In order to encourage certain behavior or provide special assistance, the government gives targeted relief to select groups of taxpayers. These “tax breaks” decrease the total amount of current income tax owed by individuals and organizations. Tax breaks come in five major forms: tax exemptions, tax exclusions, tax deferrals, tax credits, and tax deductions.

Exemptions

Tax exemptions reduce taxable income. They provide organizations and individuals with relief on either a complete, reduced, or partial basis. For example, charitable and religious entities which operate under IRS Code Section 501(c)(3) do not have to pay federal income tax. Also, investors are exempt from paying taxes on the interest of tax-free municipal bonds.

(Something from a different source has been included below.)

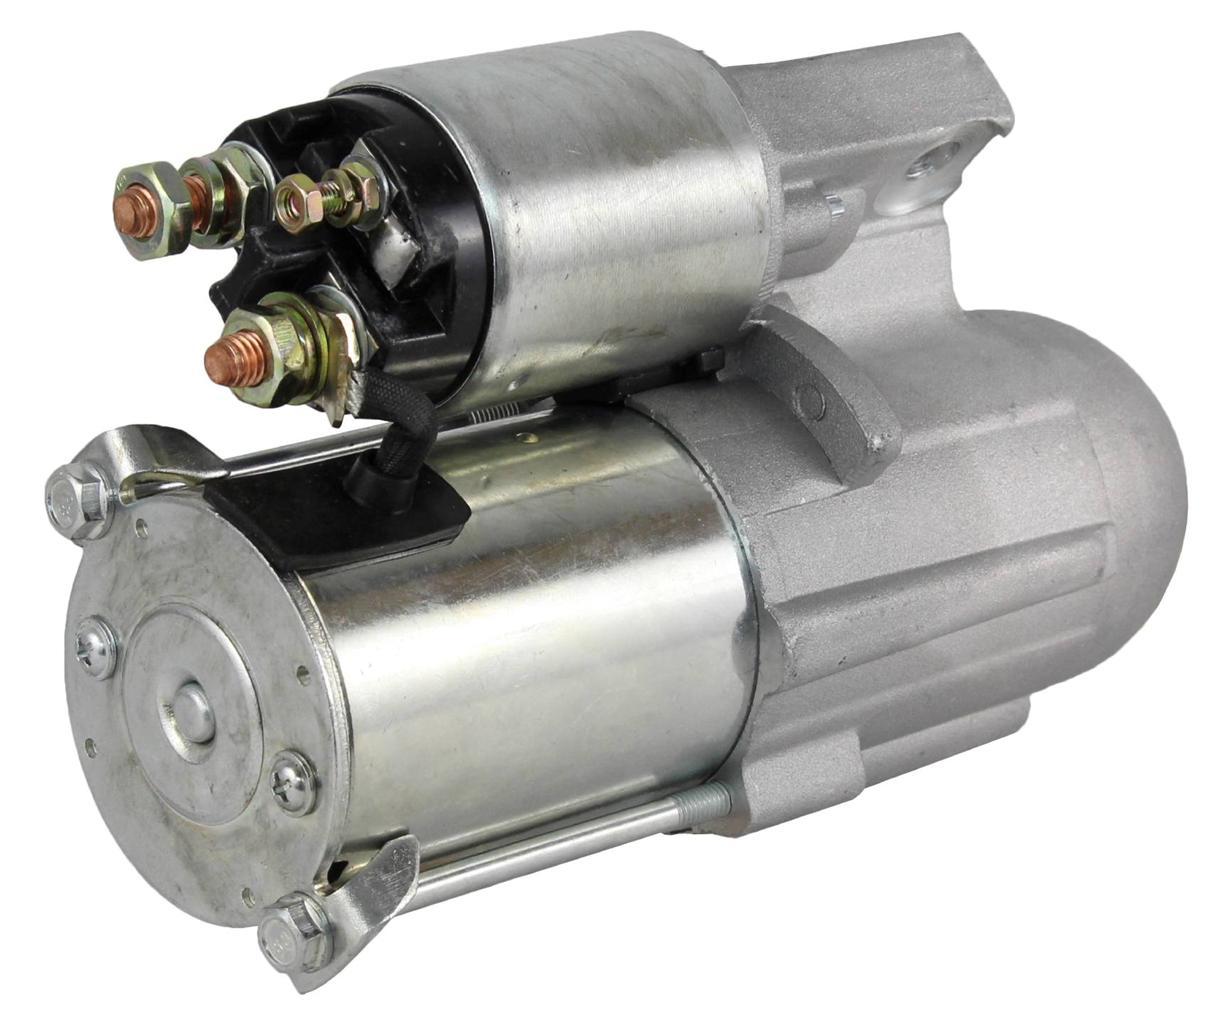 Starter Fit Buick Rendezvous 3.4L Saturn Relay Pontiac Grand AM 3231626 12563764

In addition, certain veterans are eligible for property tax exemptions.

Exclusions

Tax exclusions are items on a tax return which, though reported, are not taxed. In 2021, donors could give recipients up to $15,000 in money or property each year without incurring a federal gift tax. Individuals may exclude up to $250,000 (and couples may exclude up to $500,000) in gains from the sale of their primary residence. Also, corporate stockholders can exclude from 50 percent to 65 percent of dividend income received from other domestic companies.

Deferrals

Tax deferrals enable taxpayers to postpone tax liability on present income until some future point. For example, retirement programs such as 401(k)s and IRAs allow investors to delay tax payment on fund contributions and earnings until after withdrawal.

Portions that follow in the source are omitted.